Organizational commitment can be a very steep hill to climb as most CISO’s would attest. There are several levels of commitment required in order for any Cybersecurity effort to succeed. The fact of the matter is that Cyber security is not just an IT issue but rather it is a business issue. Not convinced? What would happen today if the Tax Collection software went completely offline as a result of a breach? To make matters worse, there are 30 impatient citizens lined up to conduct a transaction that doesn’t exactly top the list of their favorite things to do on a Monday morning. Sure, technical support is on the way but it is a critical business operation that is preventing your organization from collecting revenue.
Improving your Organizations Cybersecurity Posture
I define Cybersecurity Posture as an organizations disposition in regards to the identification, management, and protection of electronic data. This includes taking the appropriate measures to safeguard data from unauthorized access and/or use of any kind. Leaving you with just another thought provoking article would prove to be a disservice to the audience, therefore my hope is that the guidance to follow will assist you in improving the Cybersecurity Posture of your organization.

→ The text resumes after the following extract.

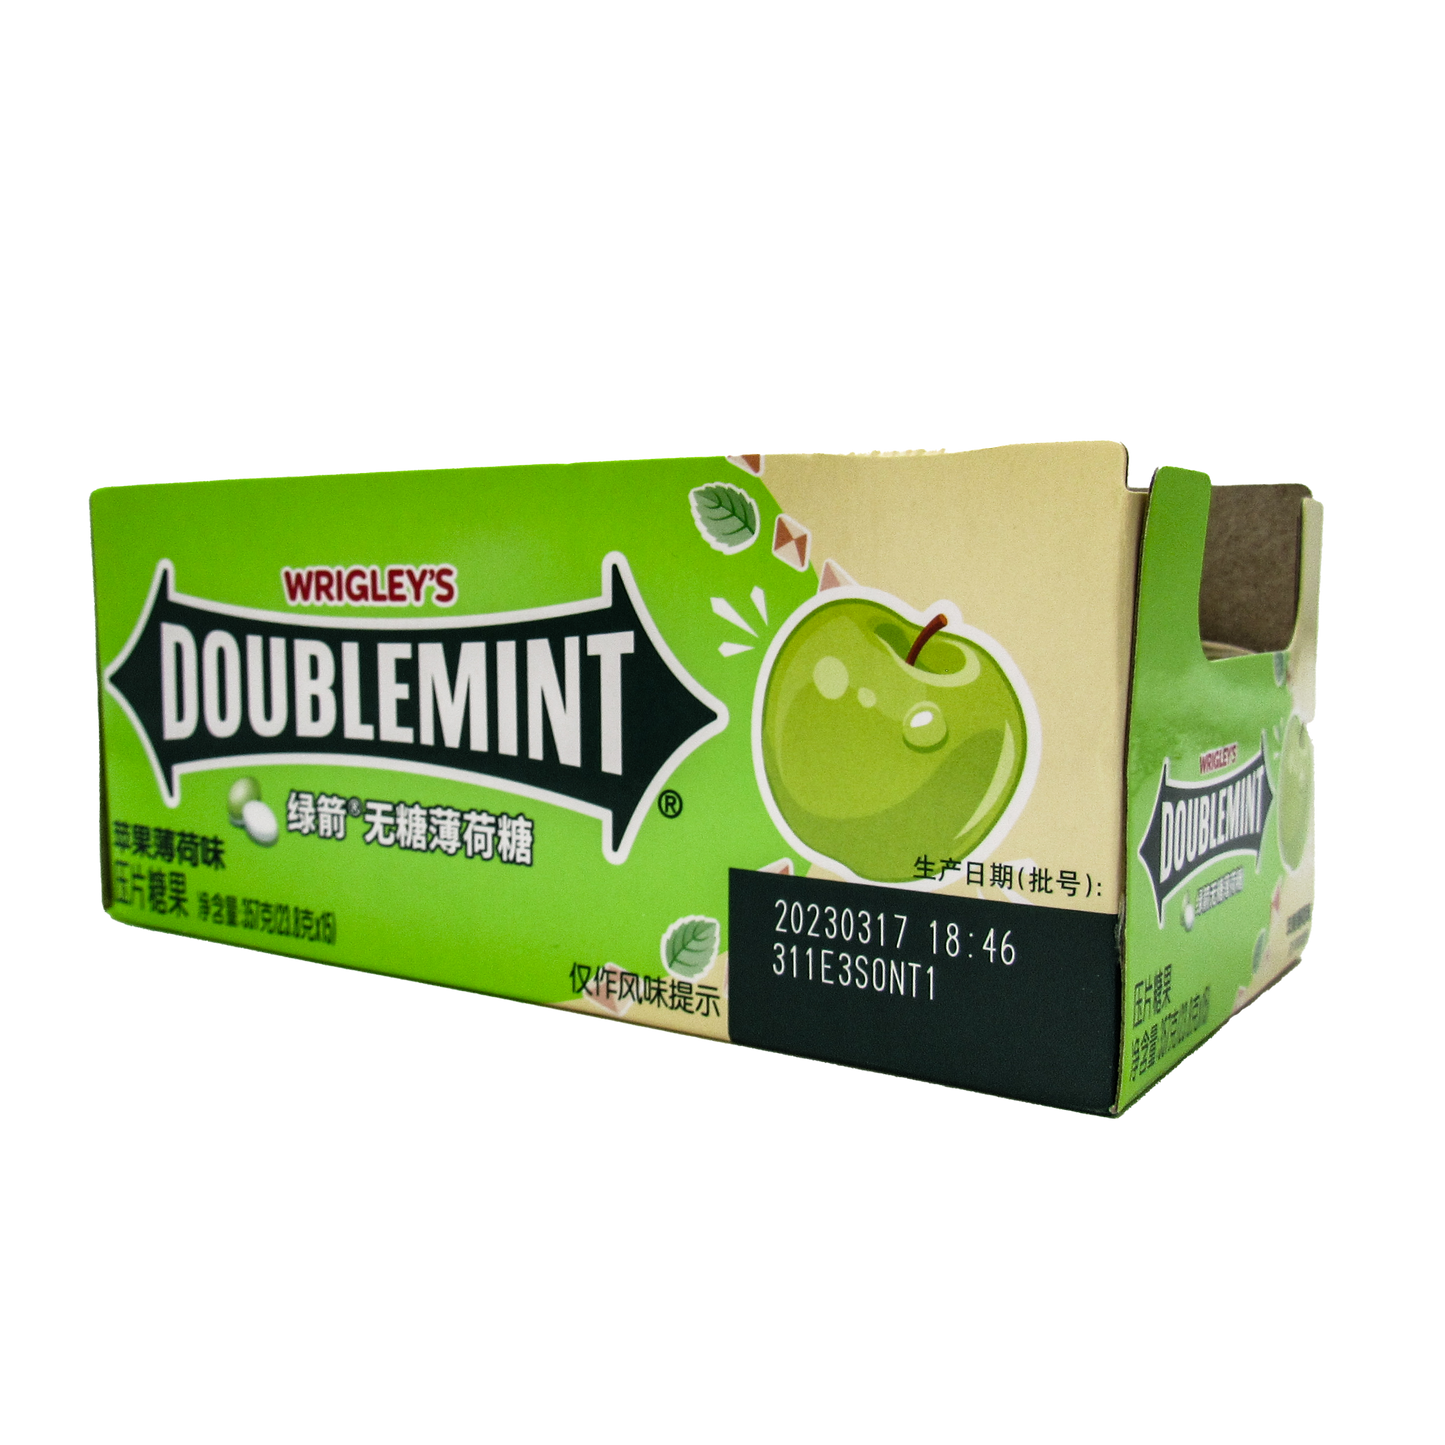 DoubleMint - Sugar Free Mints Apple Mint 15pk

Cybersecurity Assessment: If you need help getting started here there are plenty of resources available. The U.S. Department of Homeland Security has developed an excellent assortment of programs and resources specifically designed to guide organizations in Cybersecurity protection, awareness, education, assessments, incident management, and response efforts. In regards to assessments, there are free resources such as the Cyber Resilience Review (CRR) that packages tools and templates to determine where there are areas of opportunity to improve.

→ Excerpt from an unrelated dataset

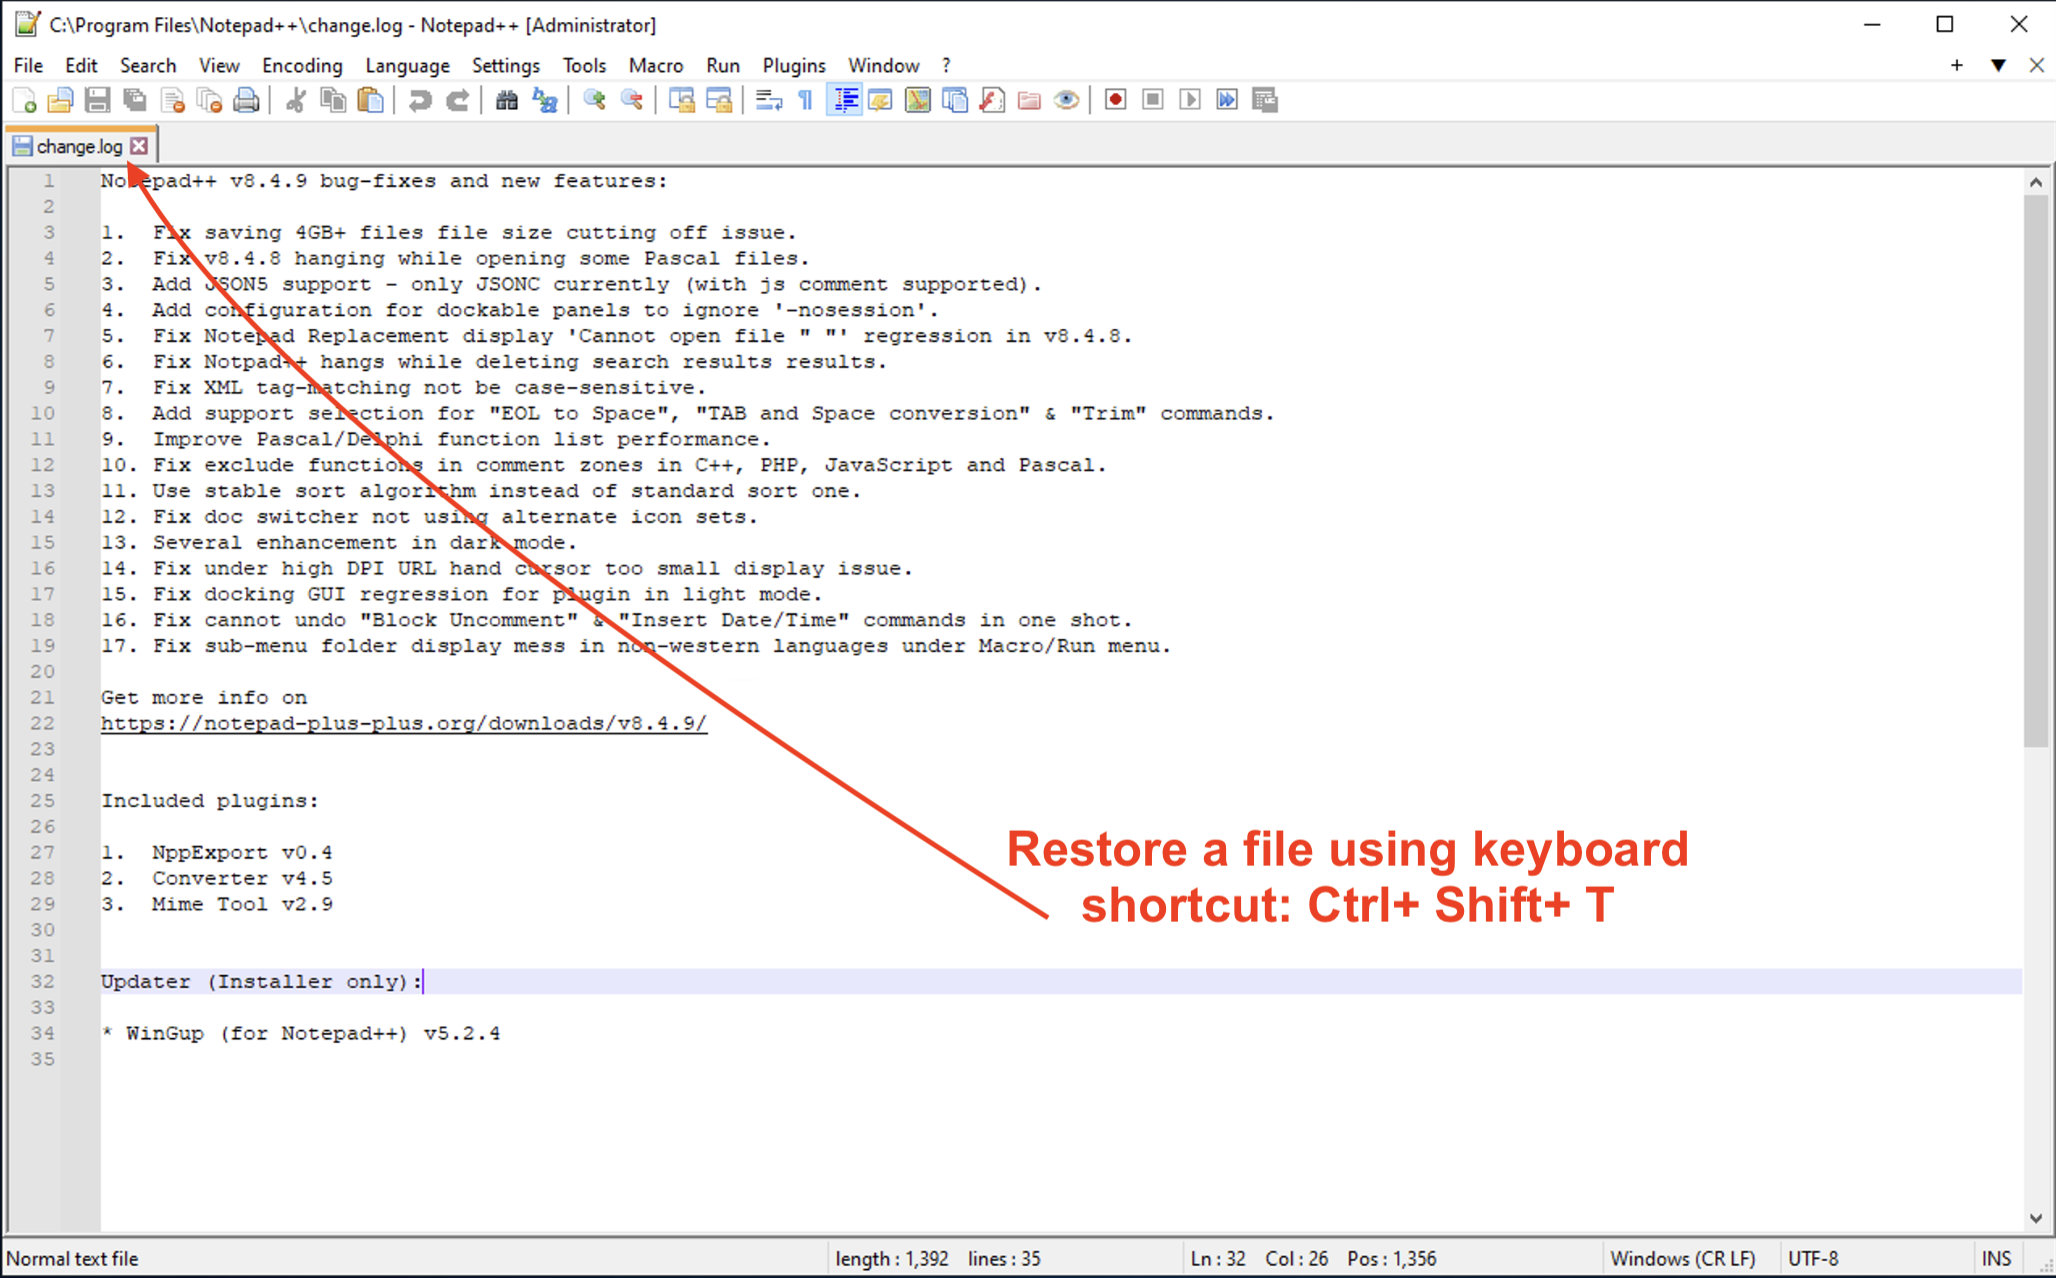 Notepad++ restored closed file using keyboard shortcut

Cybersecurity Program: You must establish a Cybersecurity plan for your organization. Often times this can be extremely challenging for smaller government agencies that have a very small IT staff to no IT staff at all. Many local governments find themselves in this position but again there is an abundance of resources available. The Multi-State Information Sharing & Analysis Center (MS-ISAC) has been designated by DHS as the key resource for State, Local, Territorial, and Tribal governments (SLTT) in Cybersecurity. Membership is free and the benefits have filled the gaps for several government agencies who financially are not equipped to address cyber-threats on their own.
Cybersecurity Insurance: Consider cautiously investigating the benefits of Cyber insurance as investigations, notifications, and restitution such as consumer credit monitoring services can be very costly. Increasing efforts by both state and federal governments in regulating what is required once a breach occurs most likely will continue. To make matters worse, recent legislative efforts seek to broaden the definition of “personal data” which translates to more resources, funding, and preventative measures to remain compliant.
Cybersecurity Culture: In order to develop a Cyber aware culture you must first understand what the culture is in your respective organization. Nothing about Cybersecurity comes natural to most and therefore continuous communication, education, and commitment will be required. As part of your Cybersecurity program, ensure that you incorporate educational training such as participating in National Cyber Security Awareness Month (NCSAM), hold quarterly events, and send out regular communication in the form of tips or newsletters.
In closing, remember that Cybersecurity in and of itself has no final destination but most certainly is one of the most critical journeys that we must take in the information age we live in today.